What makes a name feel like it belongs in Lazarus's Cold War European setting?
Cold War European names carry a specific geography and implied allegiance. Eastern European surnames (Russian-style -ov/-ova endings, Polish -ski/-ska, Czech hard consonants) place a character on one side of an implied historical divide; Western European names (Germanic, French, Scandinavian, British) place them on the other. In Lazarus's near-future, those allegiances aren't necessarily political the same way they were in the 20th century, but the naming geography persists. A character named Lena Voronova is legibly different from a character named Elsa Rahl before they've said a word, even if both are resistance fighters. Watanabe's approach to naming is similar to his approach to music: he uses genre conventions as shorthand for emotional and cultural territory, then subverts them. The Cold War European names signal a familiar world and then demonstrate how it's changed.

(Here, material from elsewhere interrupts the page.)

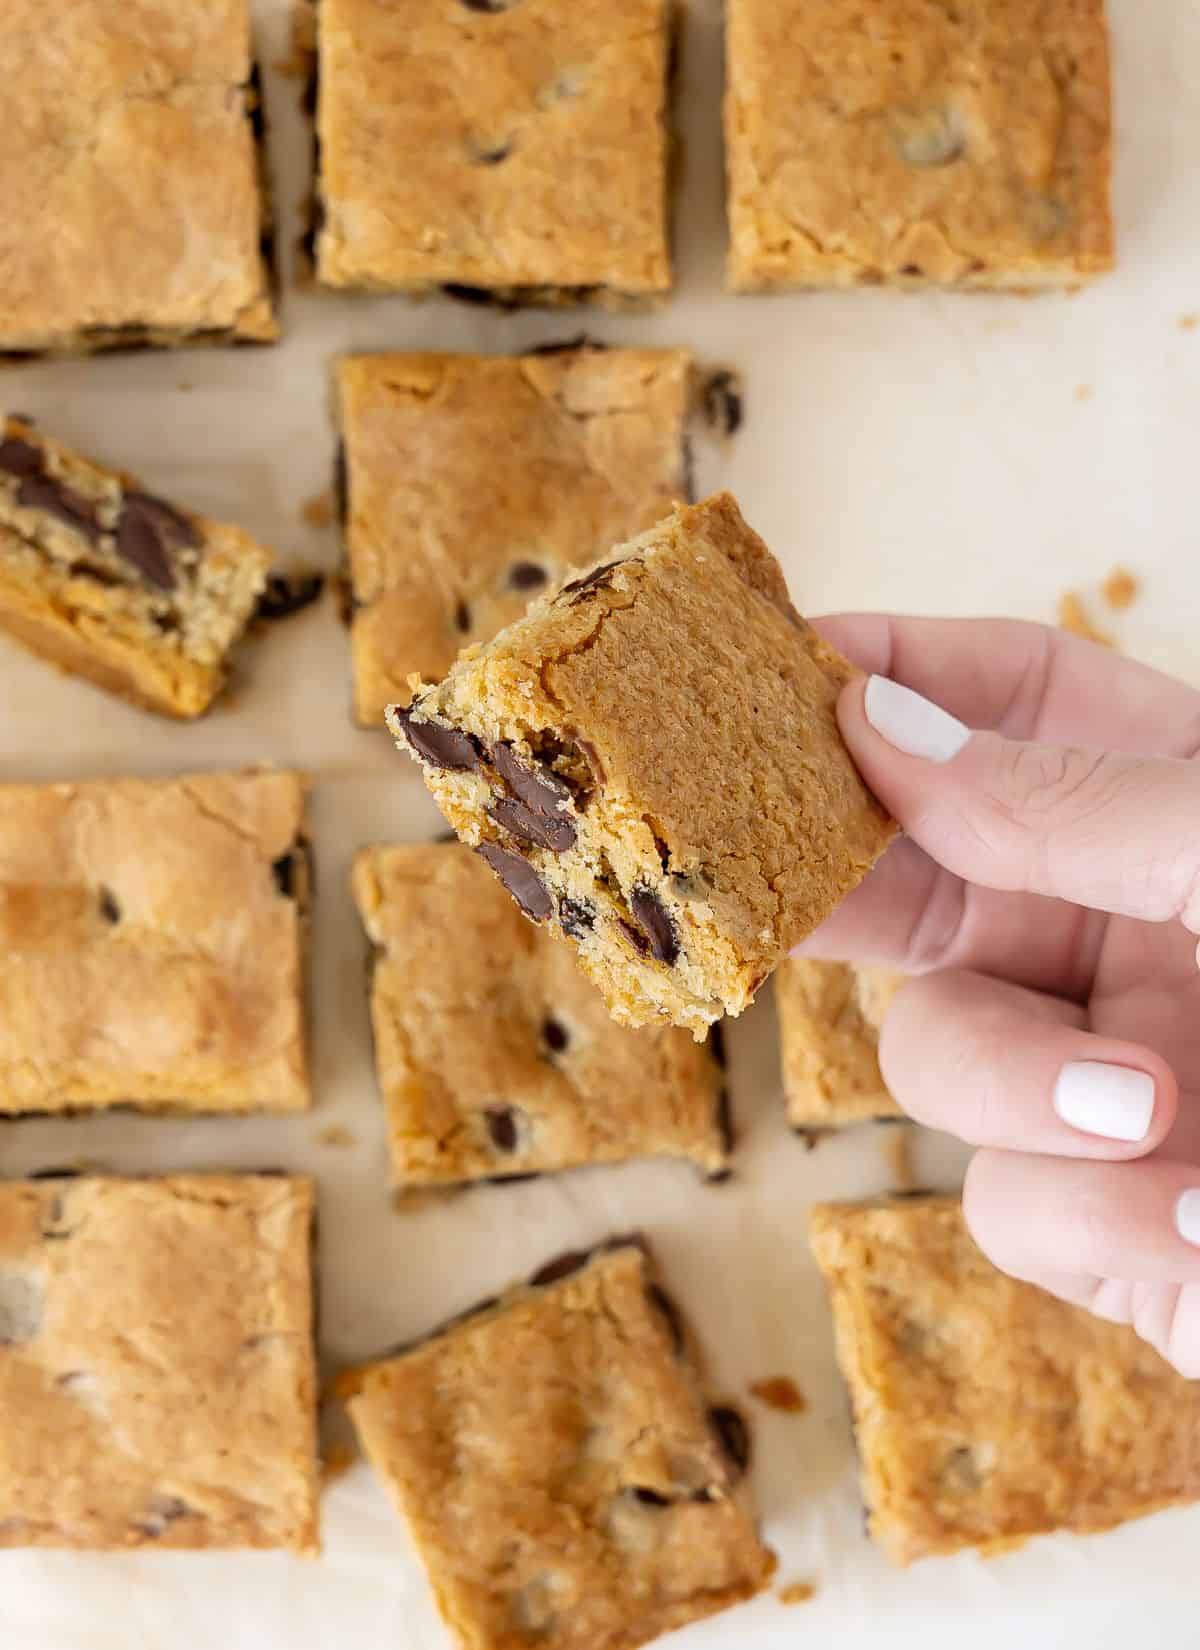 Holding a chocolate chip blondie square with rest of bars below.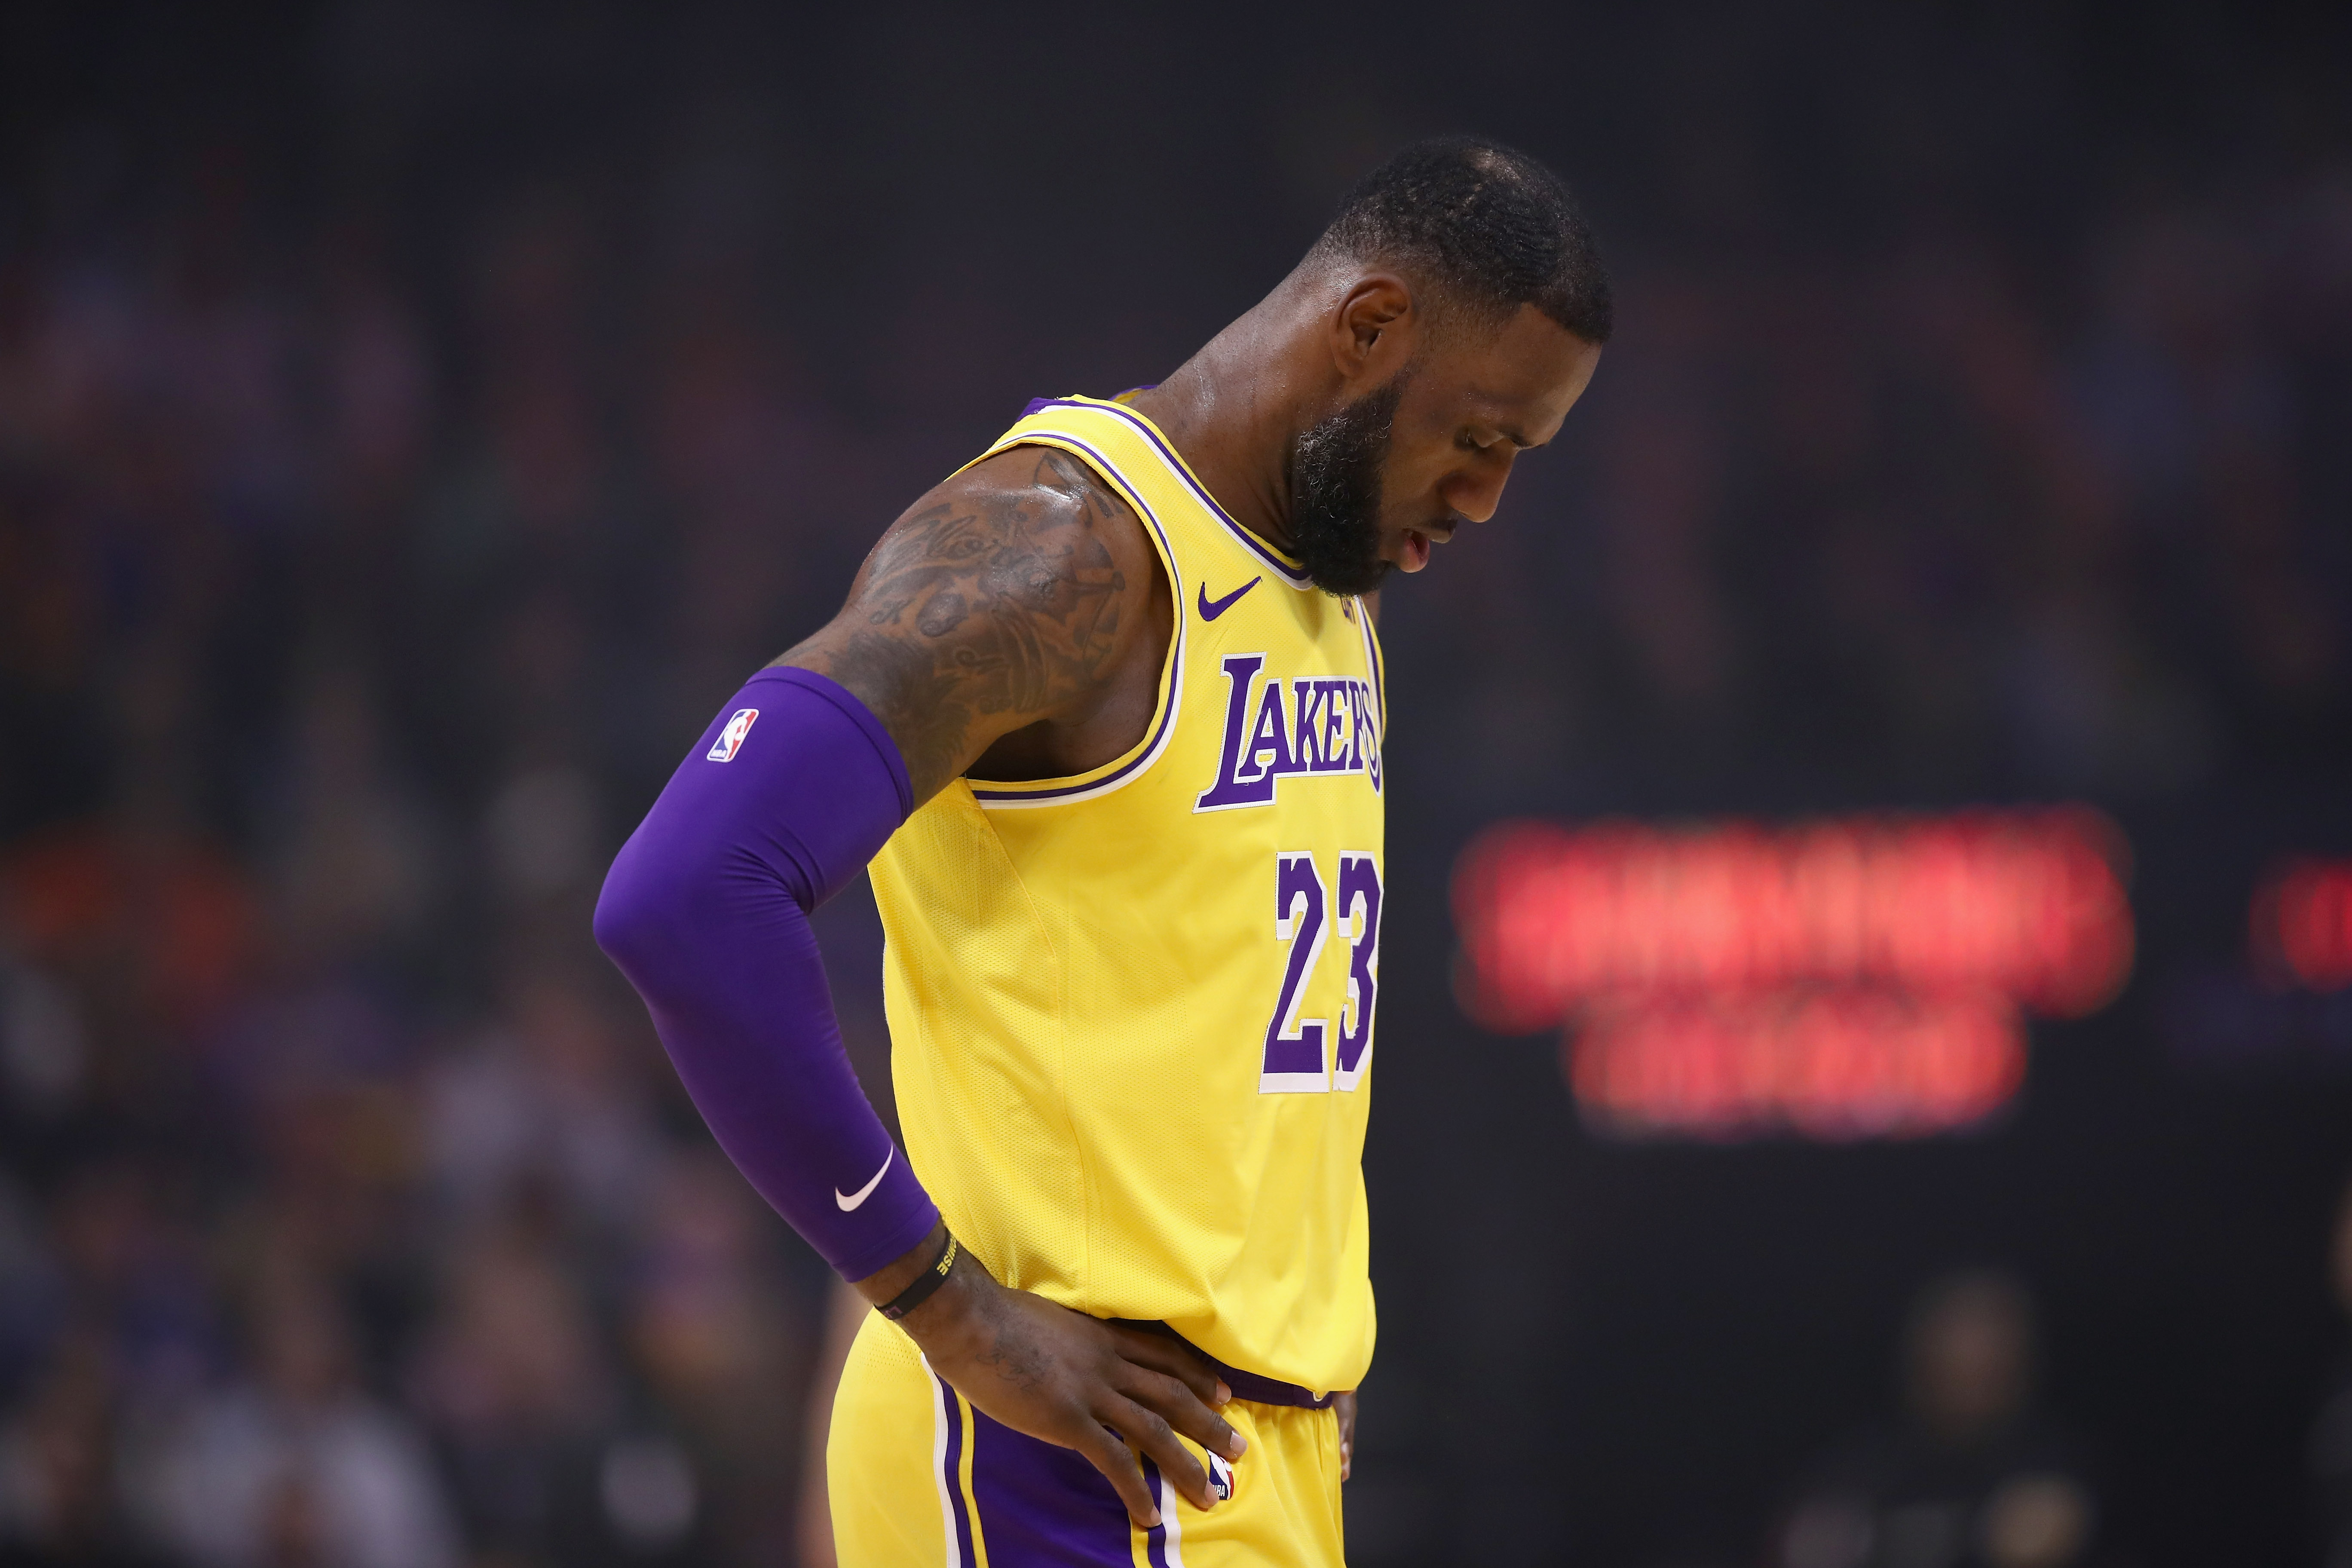 LeBron James Won’t Play Against The Bucks Due To A Sore Left Groin

How do I name a Lazarus supersoldier who is still becoming a character, not just a weapon?
The tension in a Lazarus supersoldier character is between the designation the program gave them and the person the name implies. A supersoldier who is reclaiming their humanity might prefer the biblical given name without the designation suffix (Elijah, not Elijah-4), or might reject both and choose a resistance alias. The designation format (Subject-Miriam, SIGMA-7) is what the program uses; what the character calls themselves is a statement about who they think they are. For a character arc that involves regaining personhood, the progression might be: program designation (SIGMA-7) → partial reclamation (Sigma) → chosen name (something entirely separate). The name they pick when they choose it is the most important naming moment in the character's story.